Some reasons for the disparity between fortunes made then and now:

• A bigger, juicier pie. Over the past century, the U.S. population has multiplied dramatically, and the economy has become vastly larger, more complex, and more productive. “You can sell more, and sell faster, than ever,” says Lester A. Morris, senior managing director of Mesirow’s Highland Park investment advisory office. What’s more, the Internet, and the spread of multiple forms of advertising, have enhanced the opportunities to build immense fortunes.

• A global economy. Cyrus McCormick had easy access only to the U.S. market and those of other Western countries, while Warner had the entire world, including all of Asia, notes Greg Pusinelli, a principal at another Chicago-based wealth management firm, William Blair & Company-which was founded by a descendant of Cyrus McCormick.

• More investment options. The plutocrats of the 19th century drew money mostly from their own businesses or real estate, Pusinelli says.
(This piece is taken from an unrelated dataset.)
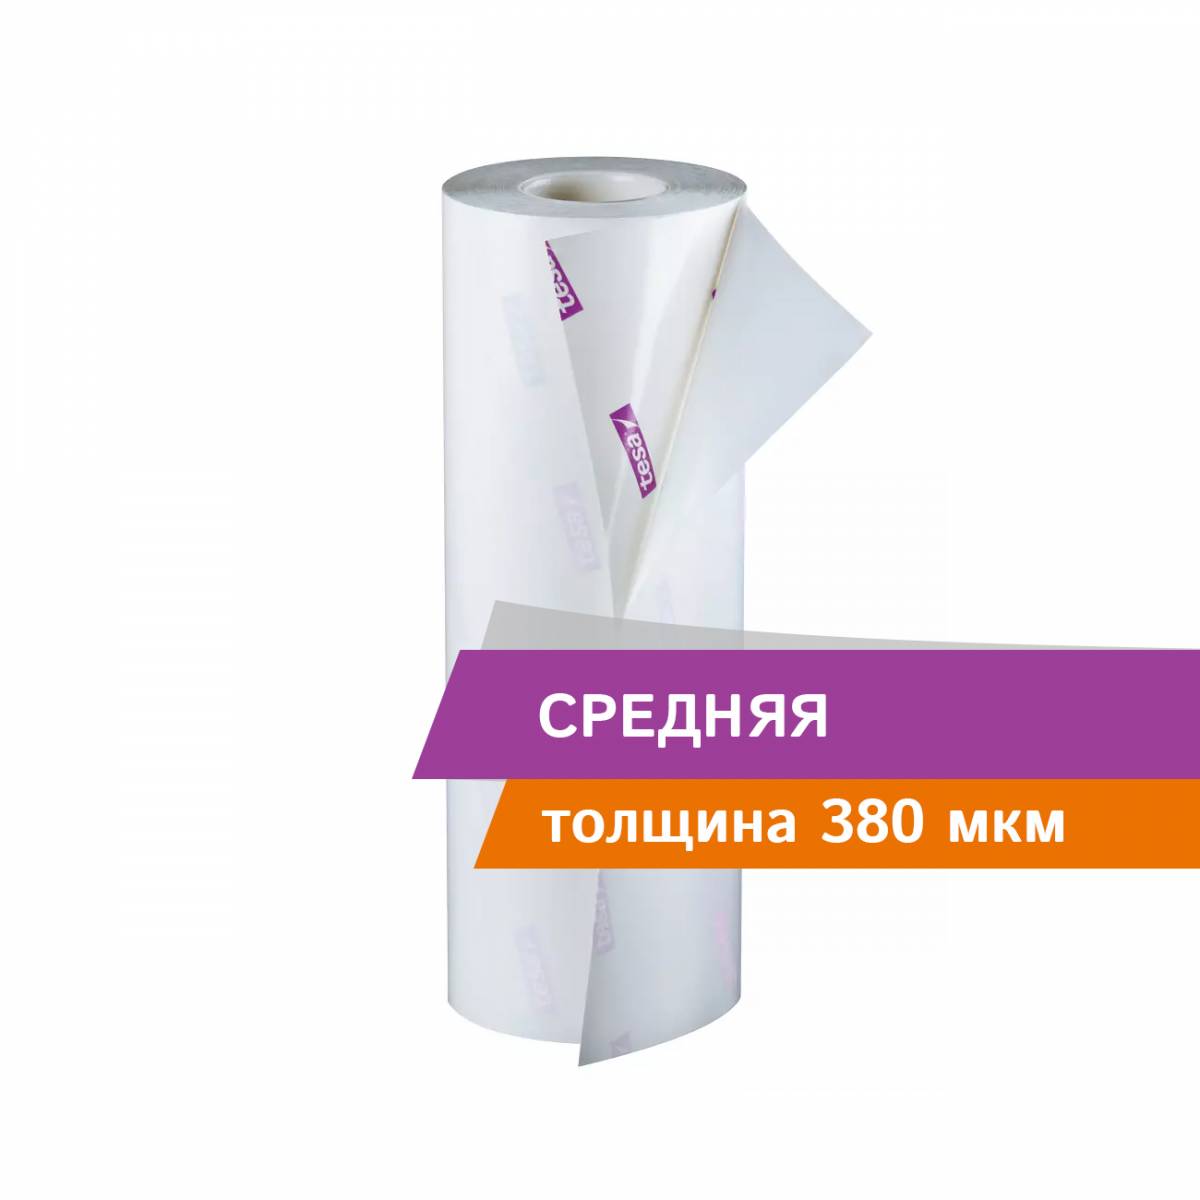 Tesa Softprint 52816 Secure (25м х 1380мм) толщиной 380 мкм, двусторонняя клейкая лента для монтажа флексографических печатных форм

Today, rich people’s money works much harder for them than it did back then, thanks to diversified investment portfolios. “Wealth today is managed by firms like ours and is directed into limited partnerships, hedge funds-the whole alternative investment class,” Pusinelli says. “The variety of types of investments that are available to the ultrawealthy today is much greater.” And the pace of asset allocation is speeding up as more data becomes immediately available via the Internet. “They’re making instantaneous decisions about how to invest, with information you couldn’t find 100 years ago,” Pusinelli says.

To arrive at a ranking of the city’s wealthiest people of all time, Chicago gathered information on the net worth of a number of the city’s biggest tycoons of the 19th and 20th centuries, based on estimates made, in most instances, shortly before or after they died. Then we used an equation devised by the Federal Reserve Bank of Minneapolis to calculate what that money would have been worth, adjusted for inflation, in 2005. Finally we compared those figures with estimates published in 2005 by Forbes magazine on today’s wealthiest Chicagoans.

The hands-down richest Chicagoan of all time, with a titanic $23.3 billion in today’s dollars: John D. MacArthur, whose empire included two banks, 19 insurance companies, and 100,000 acres of land in Florida. His wealth would have made him the third-richest American today, behind only Bill Gates and Warren Buffett.

MacArthur is unusual in that he is one of just four deceased titans to make our inflation-adjusted top ten. Marshall Field, perhaps the wealthiest man in the world in the 1890s, made the cut, as did Julius Rosenwald, who once ran Sears. Meanwhile, onetime giants such as the meatpackers Philip Danforth Armour and Gustavus Swift, the reaper king Cyrus McCormick, and the railcar magnate George Pullman-though among the wealthiest men of their day-finished out of the money.

But don’t cry for the multimillionaires of the Gilded Age. In their time, their wealth may have swung heavier for them than it would today. “When Cyrus McCormick was very wealthy, the great masses of people had nothing,” Lester Morris says. “The disparity between the wealthy and the masses was probably bigger then than it is today, when the majority of Americans are at least middle class, not lower class. People like him could hire households of servants for next to nothing, so their standard of living was much better, in terms of what they could buy with the money they had.” Consider, too, that until 1913 there was no income tax in this country. “That’s an offset in favor of the historical figures,” Pusinelli says. “They were largely untaxed, unlike today.”

Being rich meant something then, too. Swonk points out that “we’re a very market-oriented economy now, so we are creating more wealthy people. It’s not just that the rich are getting richer; it’s that more people fall into the category of rich. If you go back to those earlier days, very few people had the opportunity to get rich. So if you got rich, or especially if you got megarich, you really were distinctive.”